*** RAW DATA ***

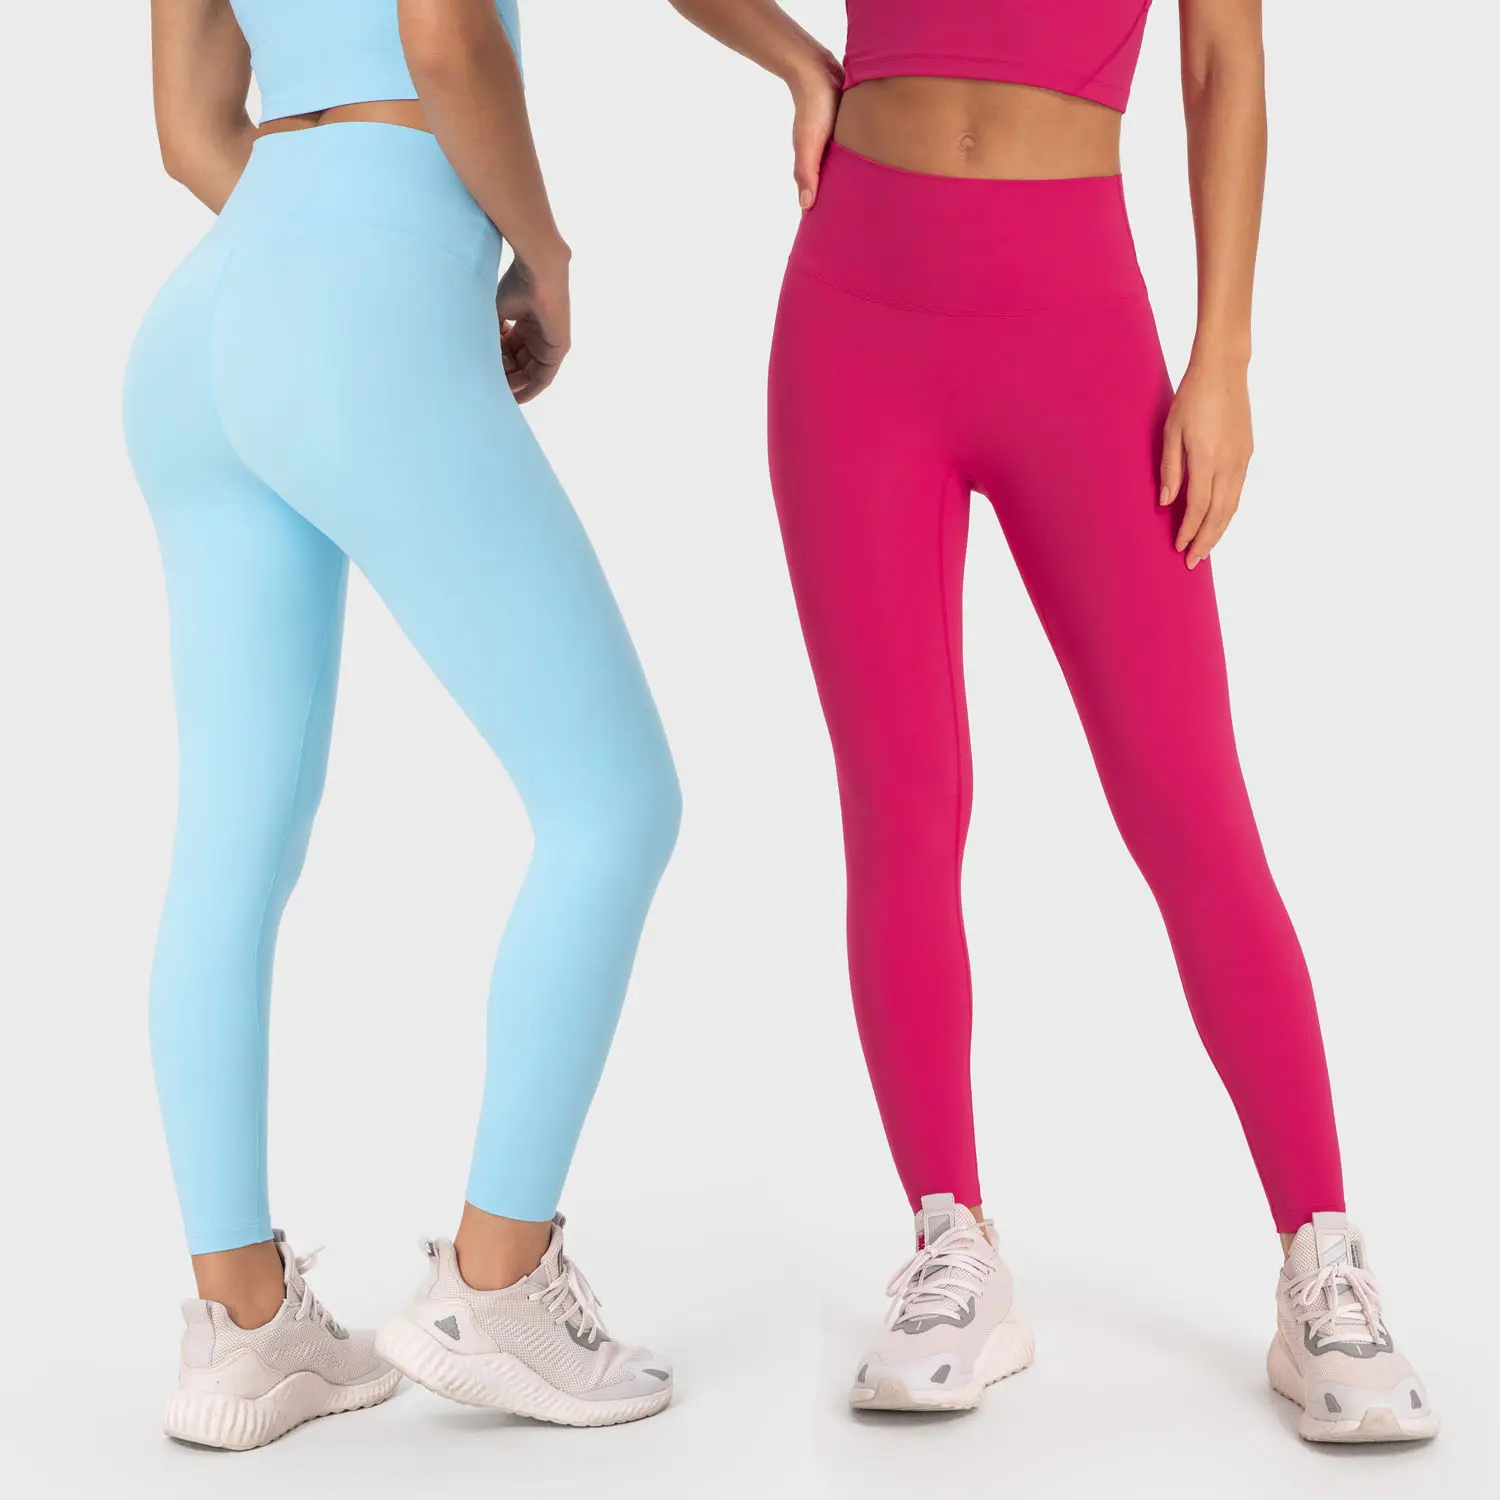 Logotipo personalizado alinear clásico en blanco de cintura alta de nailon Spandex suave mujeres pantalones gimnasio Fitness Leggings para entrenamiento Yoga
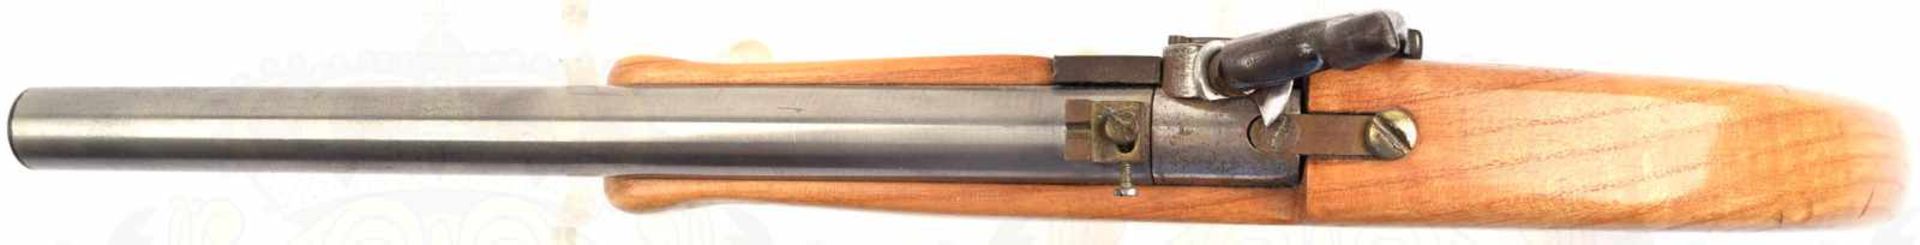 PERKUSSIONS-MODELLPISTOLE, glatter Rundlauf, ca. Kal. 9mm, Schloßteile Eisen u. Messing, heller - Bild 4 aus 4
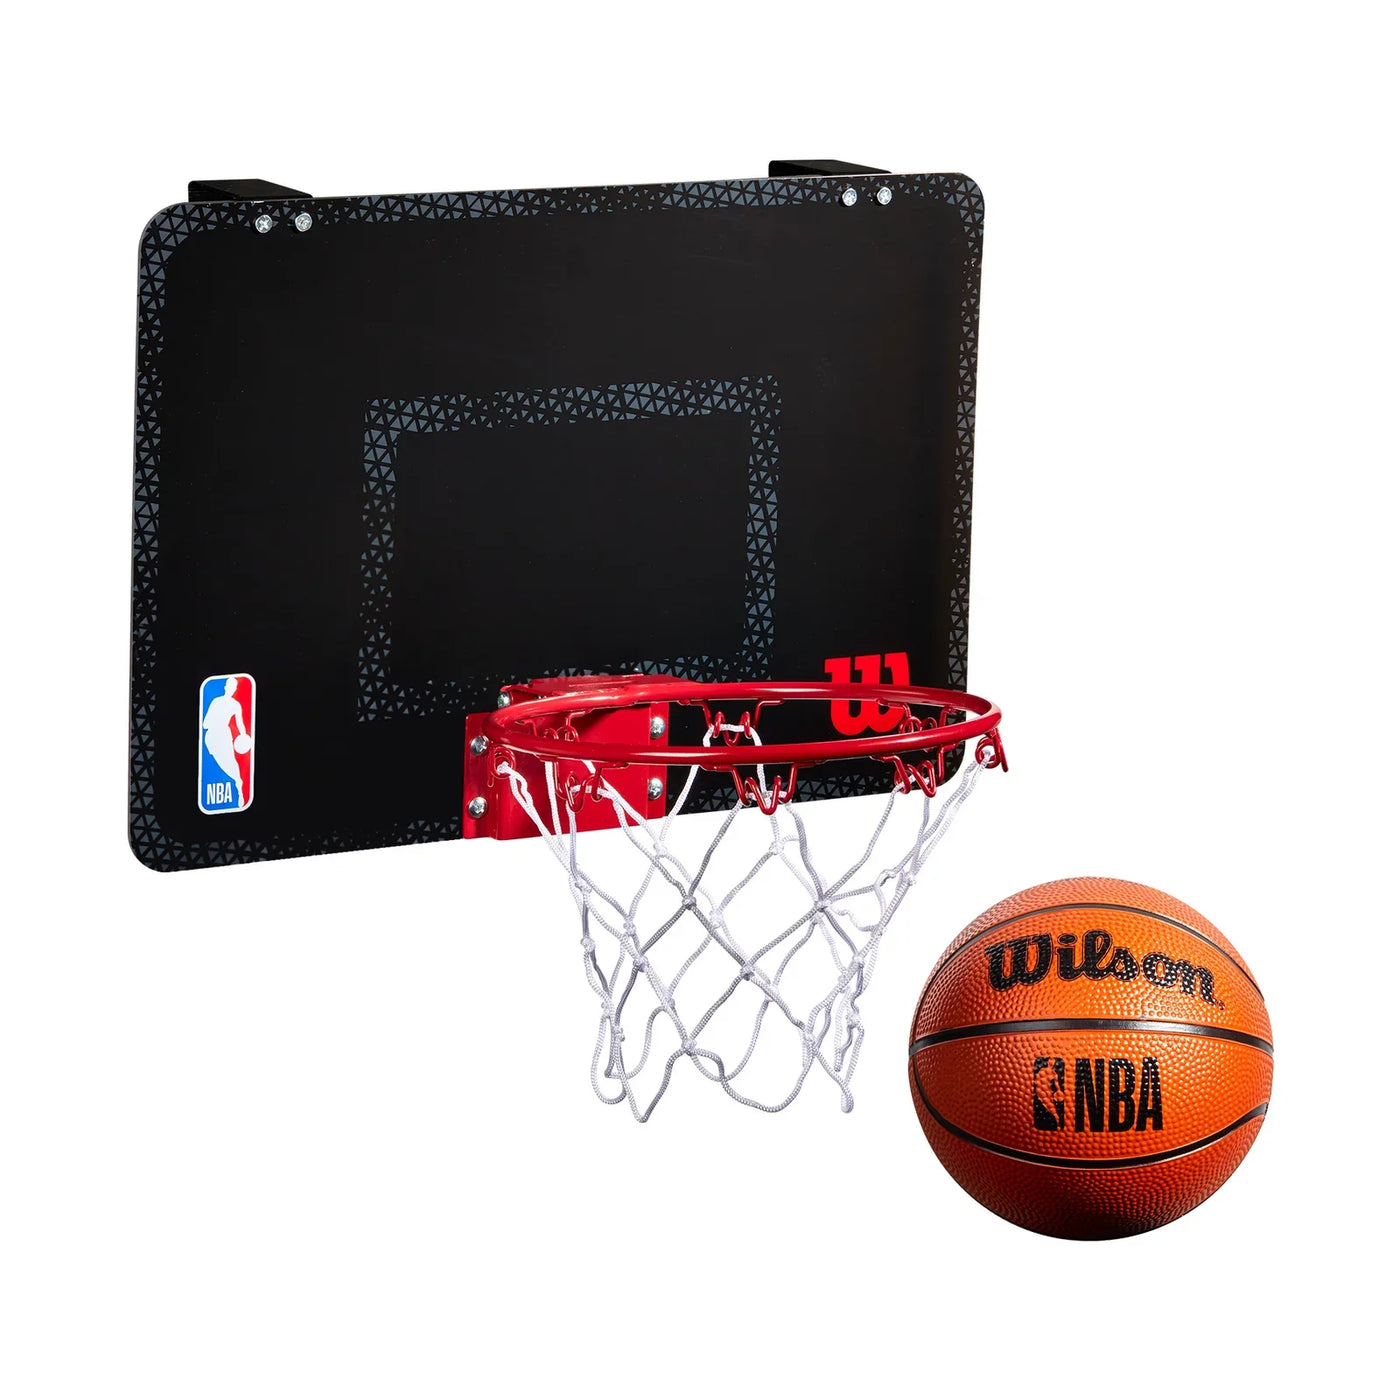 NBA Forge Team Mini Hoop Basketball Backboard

*** End of RAW DATA ***

#### [PROBLEM DESCRIPTION]
The range to set down runs from the line containing "PERKUSSIONS-MODELLPISTOLE, glatter Rundlauf, ca." through the final line of the data, both ends included; give it exactly and drop the pictures.

#### [WRITTEN SOLUTION]
 PERKUSSIONS-MODELLPISTOLE, glatter Rundlauf, ca. Kal. 9mm, Schloßteile Eisen u. Messing, heller - Bild 4 aus 4
 NBA Forge Team Mini Hoop Basketball Backboard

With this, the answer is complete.